Supplied data:
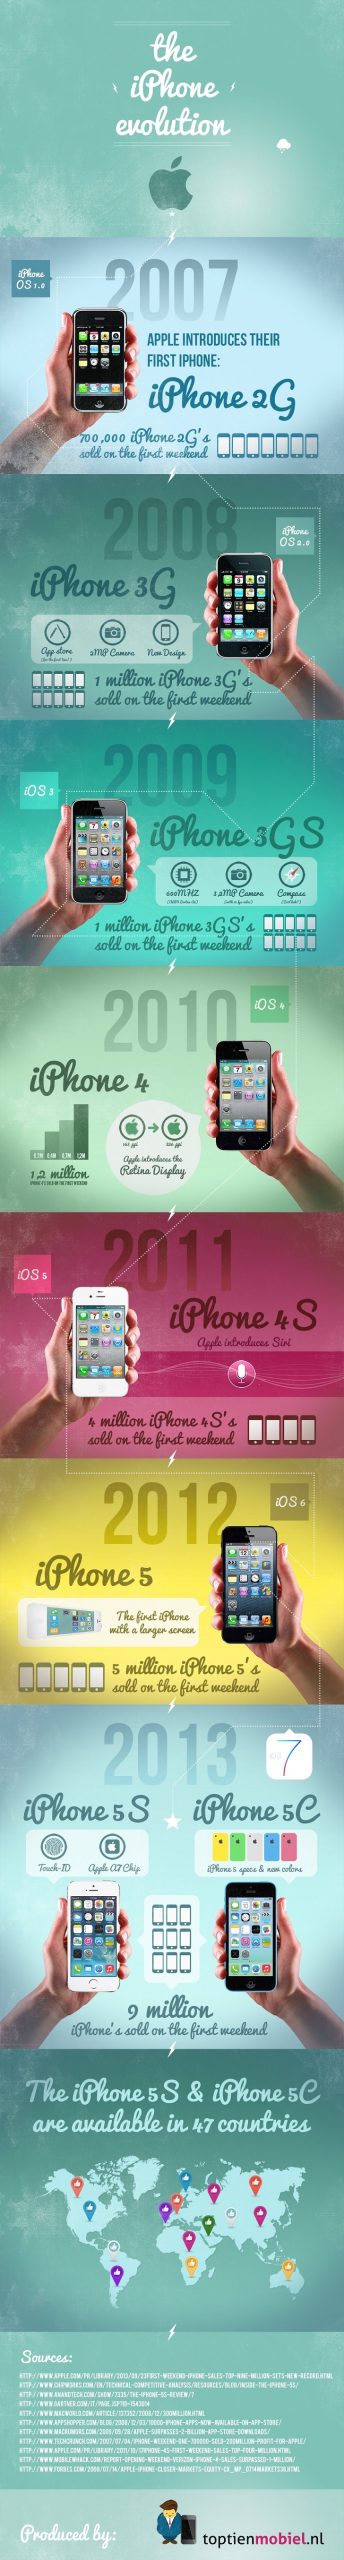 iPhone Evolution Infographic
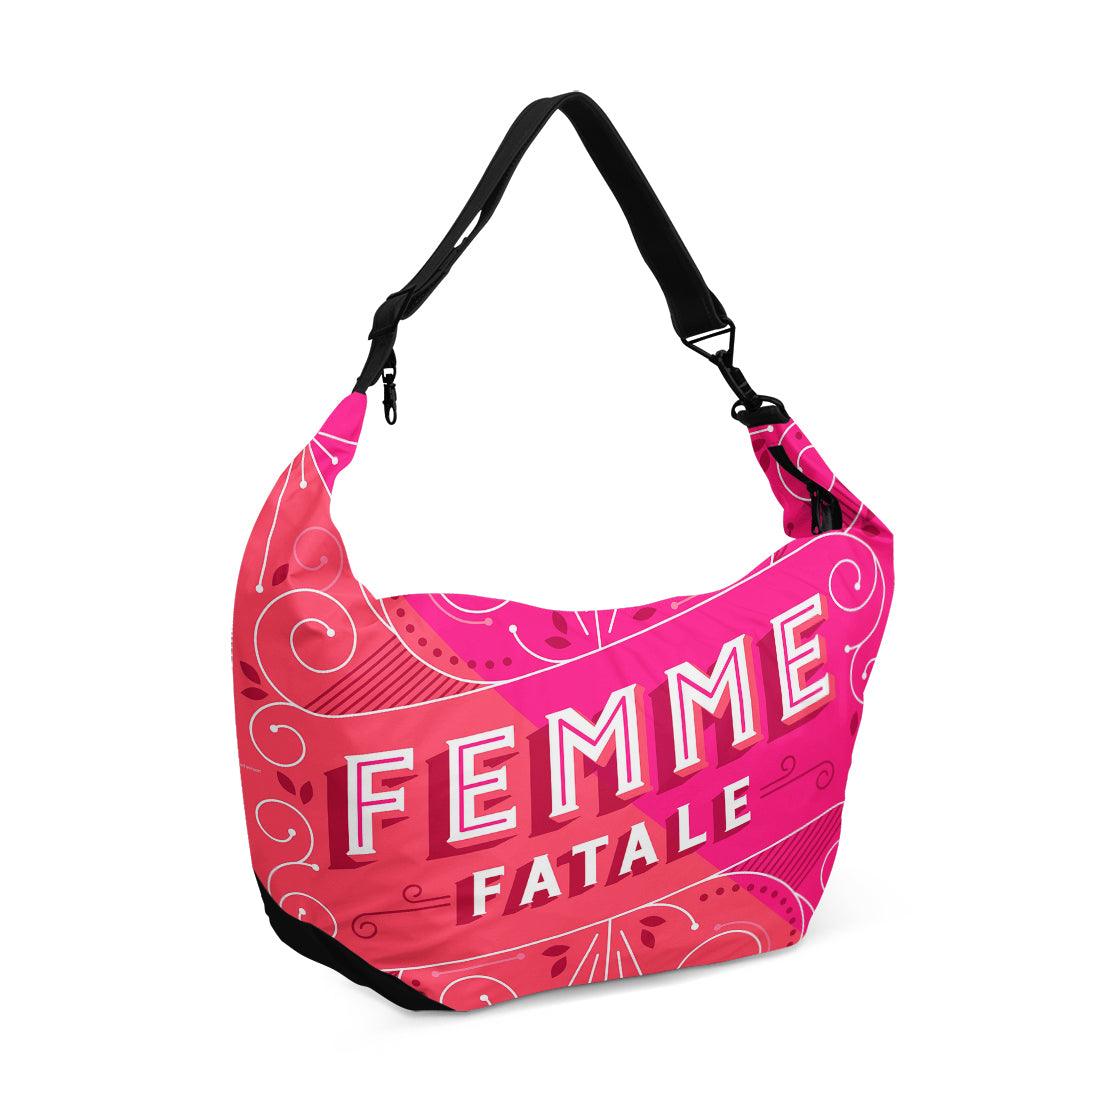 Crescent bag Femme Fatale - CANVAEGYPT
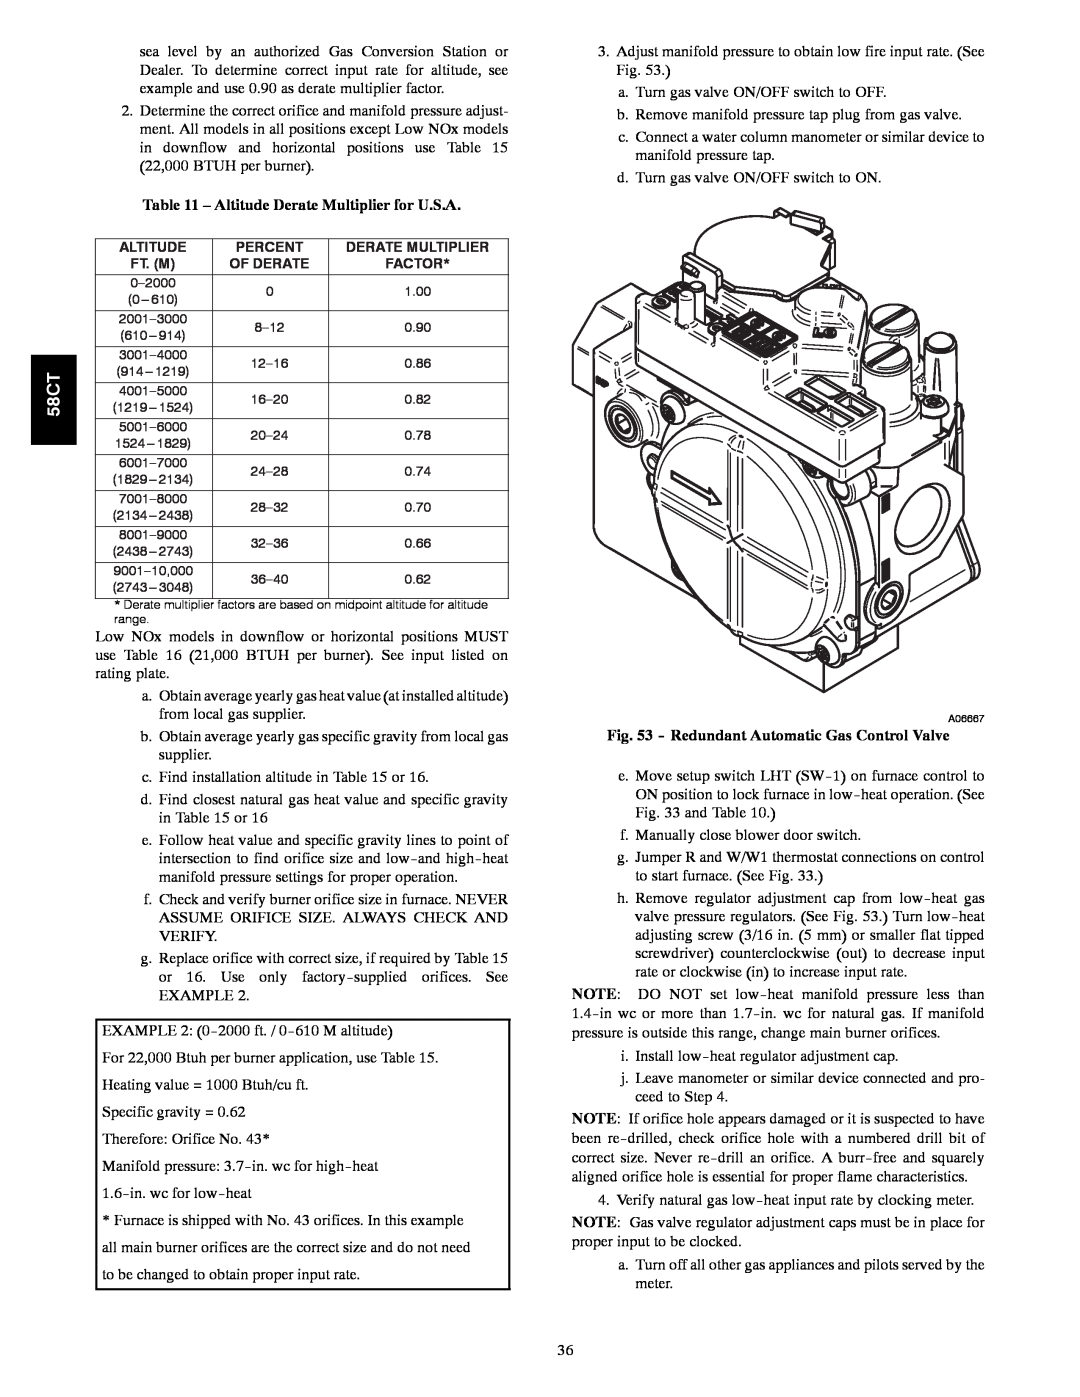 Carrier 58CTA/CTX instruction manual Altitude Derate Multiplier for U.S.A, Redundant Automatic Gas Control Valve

Problem statement:
Return the full set of lines above word for word and with no pictures.

Finished exercise:
 iPhone Evolution Infographic
 Crescent bag Femme Fatale - CANVAEGYPT
 Carrier 58CTA/CTX instruction manual Altitude Derate Multiplier for U.S.A, Redundant Automatic Gas Control Valve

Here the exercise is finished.